Saturday, November 14, 2009



When I was busy re-designing icons for an earlier post, I forgot one -- strangely enough, it's the first one I had thought of. That's because it took me only about the first six months of 2009 to arrive at the unlooked-for belief that, some time within the first half of the first term of the Obama presidency, there will be a serious and widespread public outcry on the following theme:

Let's round it up to a year, since the ceaseless self-regard of this president prompted him to open the first-ever "Office of the President-elect", complete with its own knock-off official seal in the ubiquitous poofter blue, just one year ago this week. [W.S.Gilbert gave us the anthem: "Bow, bow, to the President/god elect...."]

It has been a year of staggering hubris, Janus-faced politicking, kindergarten finger-pointing, the unmasking of radical ideology, and an administration for which the word "BANKRUPT" has a dozen different shades of meaning, all of them body blows to the American body politic.

But let it be recorded that the week of November 9 was a turning point for even this turncoat, tin-pot turd of a regime, for it was the coming together of events which exposed the president as pathologically detached from normal human sensibilities, as he:

--told preposterous lies about the grotesque unemployment levels he has created,

--played 52-pick-up with the whole spectrum of hands he has been dealt in the strategy for Afghanistan ("the right war", as he once had us believe),

--made a dead dog's breakfast of his response to the first mass terrorist attack on American soil since George W. Bush raised a bullhorn in the smoking ruins of the World Trade Center,

and, for his master-stroke,

--skulked out of town leaving his Attorney General to break it to the citizenry that the mastermind of that pile of smoking ruins will be deposited in Manhattan to launch the biggest legal farce since O.J. had a glove fitting.

My God, this man works fast!!!

I'll leave it to the man whose intelligence, integrity, and gift for the verbal slam-dunk stuffin' are making him the shining star of modern journalism, Professor Krauthammer, to lay out the case against the accused:

As they say in the vernacular, Mr. Obama has stepped in it -- so deep, so gaggingly putrid, that he will never get the stink off him, and is in grave danger of making himself unwelcome in any gathering, indoors or out. What's truly breathtaking is that he apparently continues to believe he smells like lilacs in springtime and always will.

What Mr. Obama has failed to grasp (despite being the most intelligent being to ever take over the oval -- blessed with Divine faculties which will cause the sea levels recede and the polar bears to play hockey) is that he got to where he is with the support of just a sliver over half the American voters who bothered to show up, and that a substantial portion of those (a minority, but not a small one) voted for a man who ran for office as a centrist, a healer, a post-racial, post-partisan mountain-top sage. On the other side of the scales, he also came into office with just under half the people wanting the other guy -- but many of those wishing him well enough, and hoping for smooth waters with "no-drama Obama" at the helm.

What Mr.

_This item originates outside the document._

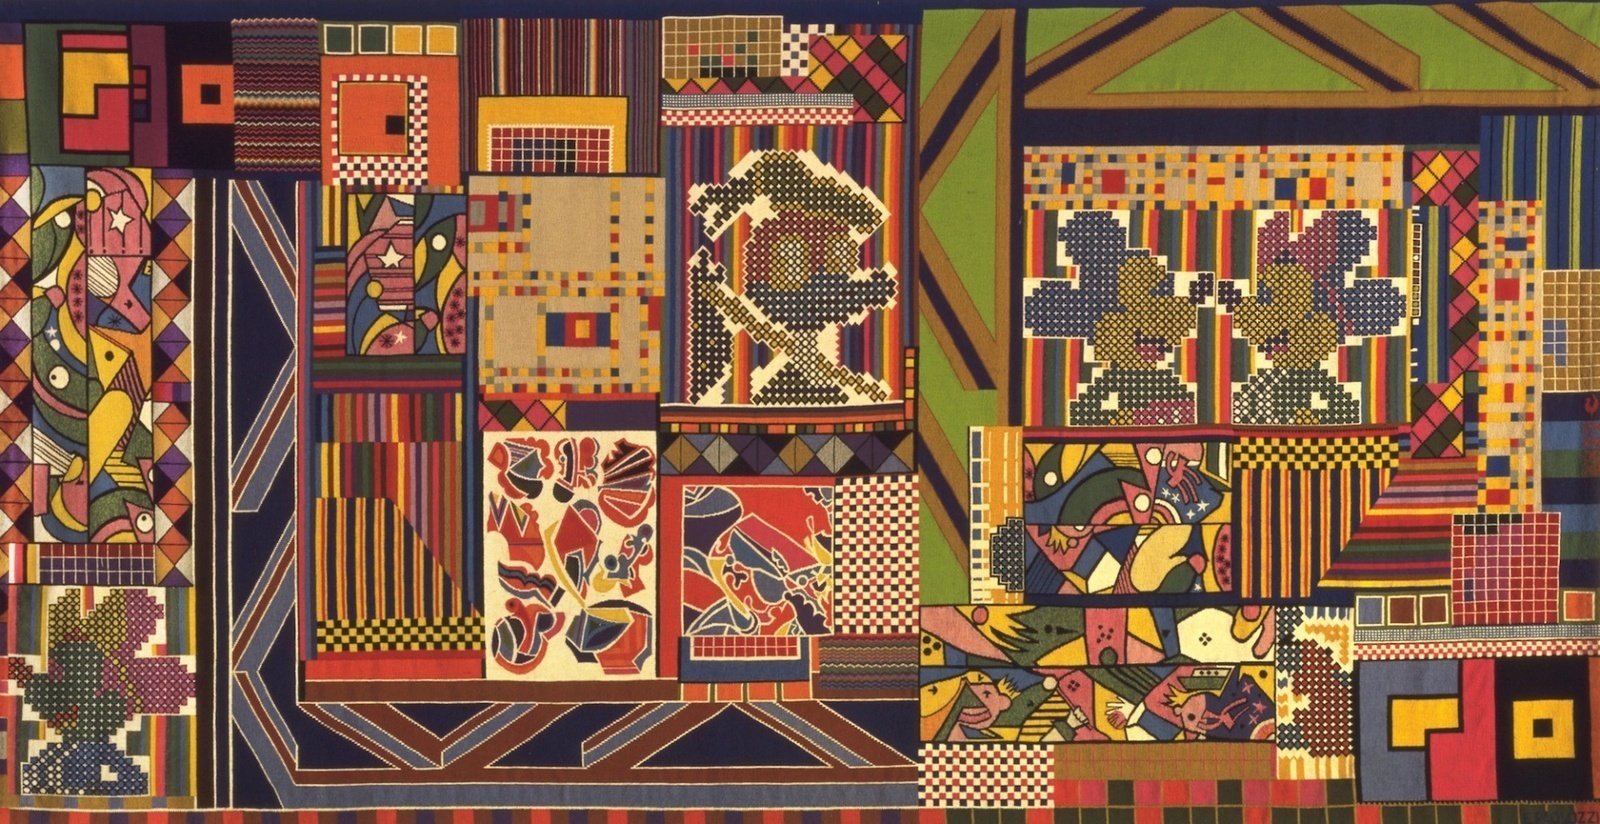 Eduardo&nbsp;Luigi Paolozzi, The Whitworth Tapestry, 1967Wool, linen, and terylene&copy; Trustees of the Paolozzi Foundation

Obama has failed to grasp is that support for him has done a significant tilt in the opposite direction -- it's just under half the country that supports him now, and just over half that gives him thumbs down. And it's not just that the latter wish they'd gotten that other guy (who on his worst day would have been a better president, beyond question), but that they feel deceived not only as to Obama's intentions and policies, but as to his competence and his character. A growing portion of these not only disagree with their president, they are repulsed and infuriated by him -- even as they are energized and exhilarated at their own positive activism against his plans.

What happened today, issuing from the Attorney General's office, was a dark-alley mugging, a Judas kiss, a cold and swift knife in the back. I believe that this hapless, clueless president has turned a corner today in his rapidly deteriorating relationship with his countrymen -- and what he will see, if he has eyes to see it, is a shadowy path ahead, bordered by a hissing gauntlet of restless shapes whose patience is on the wane.

Before he's home and dry, it's entirely possible that they may be hissing that word, "Resign."